The reason this is so great for millennials is two-fold. One, many teaching assistants are in their twenties or thirties. The average age for obtaining a Ph.D. is 37, and they're working grad students up until that point. No longer will continuing your education have to be done without a say in your working conditions — and these millennial workers will probably get more money too. Already universities have upped stipends in preparation of the ruling (to dissuade unionization drives), but more could come. NYU's contract last year included a 4 percent raise and guaranteed future 2.5 percent.

The other reason this could be big is more symbolic. Young people are looking to unions to solve their financial woes at a time when labor rights have been advancing. The Obama Administration announced it would raise the cap on overtime pay in May, allowing more salaried workers to take home more pay if they're on the job more than eight hours. The Democrats added a $15 per hour minimum wage plank to their party platform in July. But this is not enough and unions can play a bigger role.

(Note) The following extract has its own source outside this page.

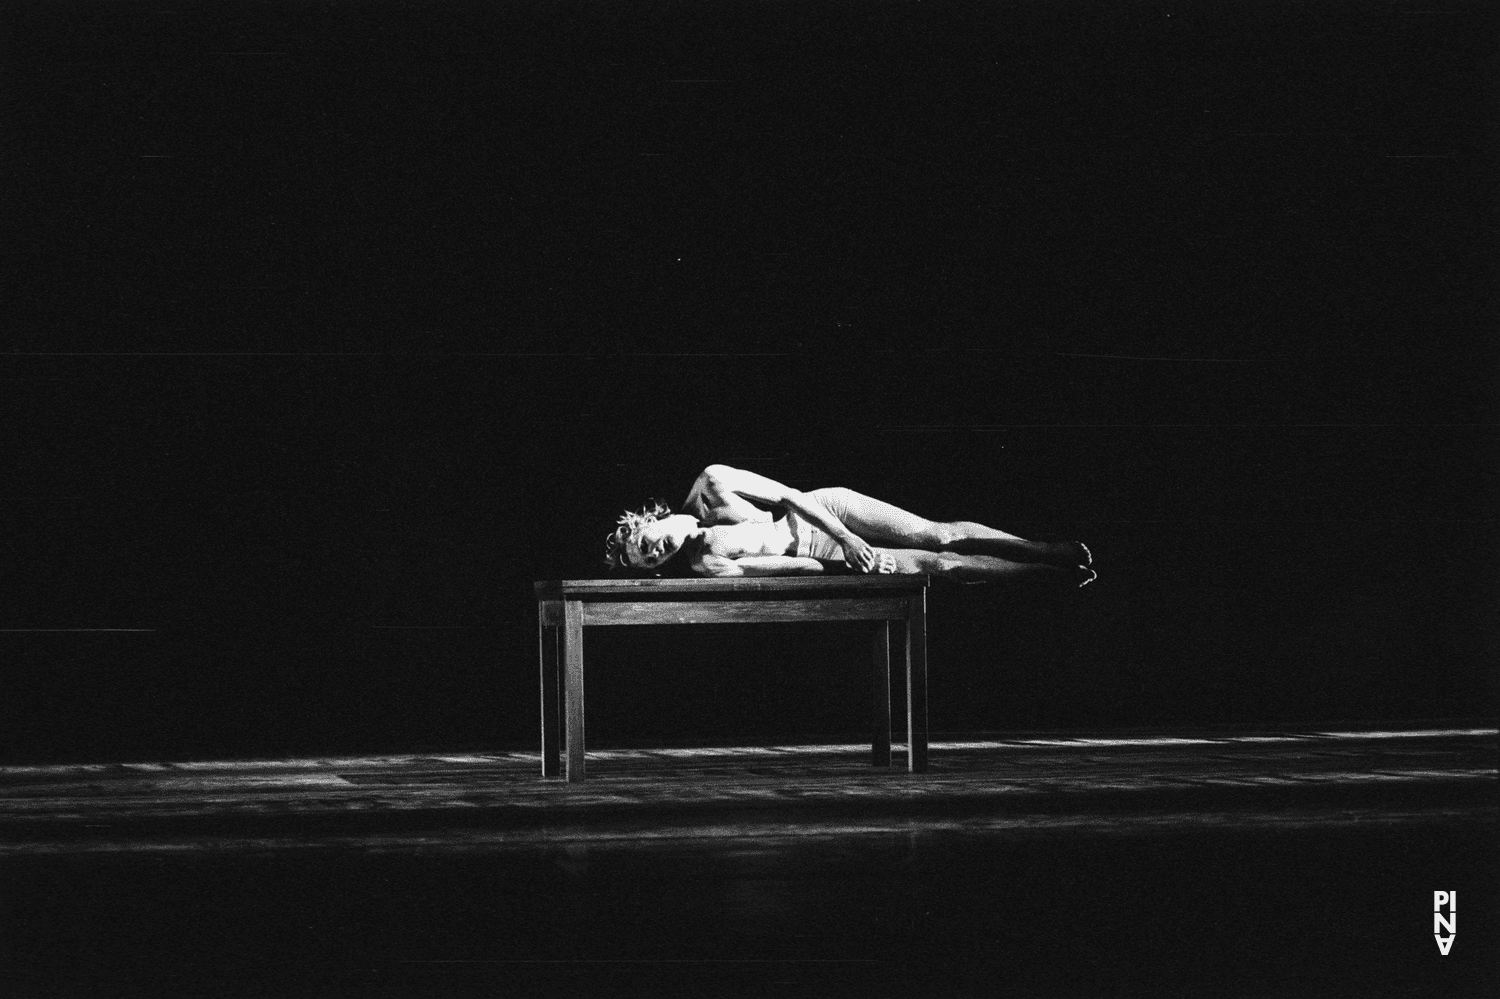 Dominique Mercy dans « Iphigenie auf Tauris » de Pina Bausch avec Tanztheater Wuppertal à l'Opernhaus Wuppertal (Allemagne), 20 avril 1974
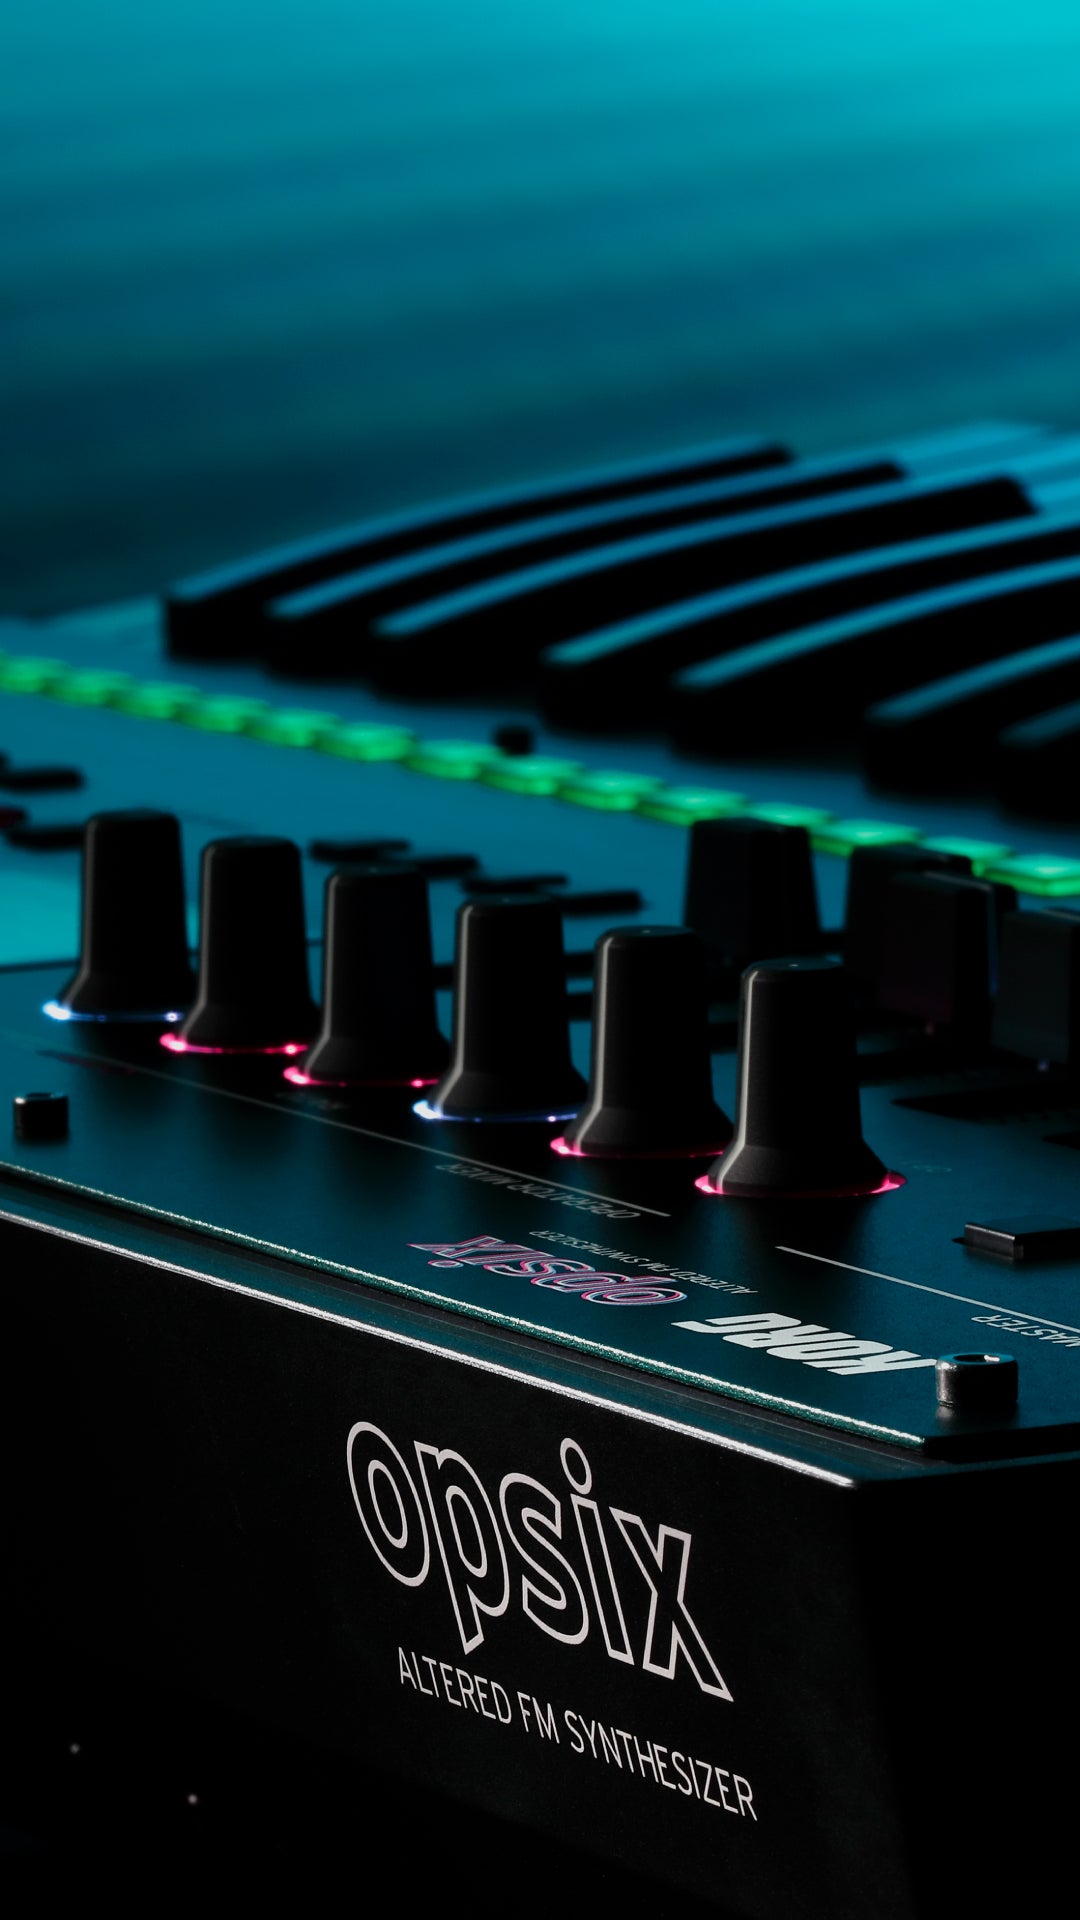 KORG opsix altered FM synthesizer

Given the state of millennial finances, it's a long time coming to try to find a solution. Government intervention is neither guaranteed nor perfect and unions can fill the gap. Consider this: one of the biggest wealth gaps among Americans is actually between the young and old. One in five millennials lives in poverty, and in comparison to the young of the past, we're much worse off. One of the reasons could be union membership: a Bureau of Labor Statistics report showed that rates of union membership were highest among workers aged 55 to 64.

If momentum grows, the implications of the NLRB decision will be huge for young workers inside and outside academia. Undergrads will be on the front lines of future unionization drives, possibly opening their eyes to it as a solution. Plus, unionization drives may also be easier now than in the past. The NLRB makeup has changed a lot since the 2004 decision that shut down the would-be grad student organizers at Brown. The members are appointed by the president, and now three are Democrats, one is a Republican, and a fifth position remains open.

How exciting if the Columbia decision was just the beginning of a new wave of labor activism and unionization drives. Just consider the words of Kristofferson Culmer, president of the National Association of Graduate and Professional Students. "It has been long established that employees in this country have a right to have a voice in their workplace, and today that right has finally been extended to all graduate-professional student employees," he told Inside Higher Ed. The same could right could be exercised at workplaces across the country.